Nun gut: Wenn man anerkennt, dass derjenige, der die deutsche Kultur am nachhaltigsten geprägt hat, Johann Wolfgang von Goethe heißt, dann ist gegen den Begriff einer „deutschen Leitkultur“ zunächst einmal nichts einzuwenden. Denn hat nicht Goethe in einer Ankündigung seines Werkes des „West-östlichen Divan“ öffentlich bekannt, er – der Verfasser desselben – lehne den Verdacht nicht ab, selbst ein „Muselman“ zu sein? Aber vielleicht war ja dann Goethe ein verkappter Terrorist?
Jedoch ist Goethe als Bürge für eine deutsche Leitkultur gänzlich ungeeignet, wenn man von einem gemeinsamen christlich-jüdischen Erbe ausgeht, auf dem die Leitkultur aufgebaut sei. Politiker wie Bundeskanzlerin Merkel nehmen offenbar nicht zur Kenntnis, was nach dem Ende der Naziherrschaft in Deutschland Gershom Scholem erklärt und Salomon Korn jetzt erneut festgestellt hat: nämlich, dass von einer „deutsch-jüdischen Symbiose“ keineswegs die Rede sein kann.

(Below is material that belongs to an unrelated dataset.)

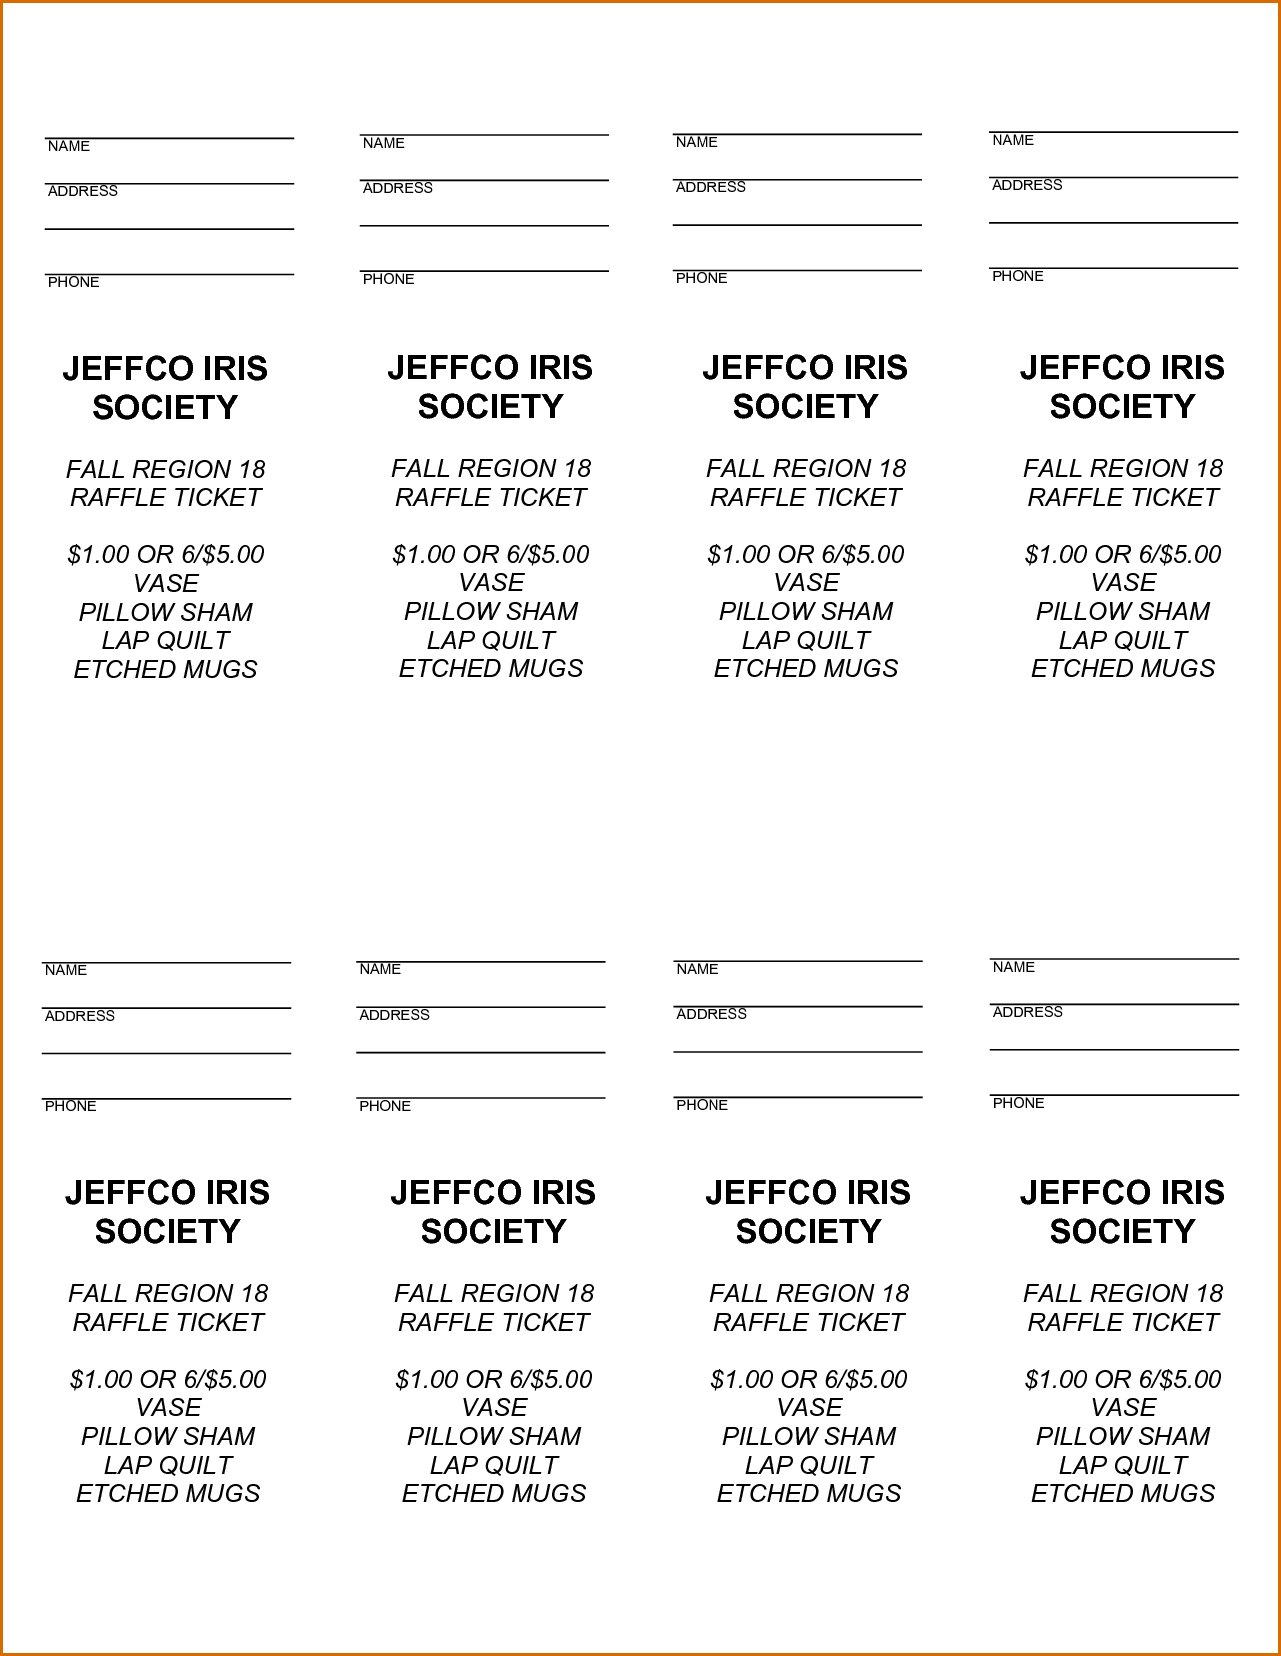 Free Printable Raffle Tickets - Free Printable Raffle Ticket - Free Printable Raffle Tickets

Es ist wahr: Goethe als Kind seiner Zeit war nicht frei von Vorurteilen gegen Juden, was er jedoch später selbst zugab. Aber da wir von Kultur sprechen: Er hat immer wieder seine Bewunderung für das jüdische Volk ausgedrückt, das fähig war, die Bibel (Altes und Neues Testament) hervorzubringen. Und sein Lieblingsphilosoph war der Jude Spinoza. In „Dichtung und Wahrheit“ gibt er seiner Verehrung Ausdruck für die altjüdischen Propheten. Die christlichen Kirchen haben zwar auch das Alte Testament als der Bibel zugehörig anerkannt, gleichzeitig aber die Juden, die Jesus nicht als Messias und als Gottes Sohn anerkannten, als Heiden verfolgt und niedergemetzelt. Den Talmud und die Kabbala, Produkte jüdischer Kultur, die erst nach der christlichen Zeitrechnung entstanden sind, haben sie als „gemeinsames Erbe“ niemals zur Kenntnis genommen.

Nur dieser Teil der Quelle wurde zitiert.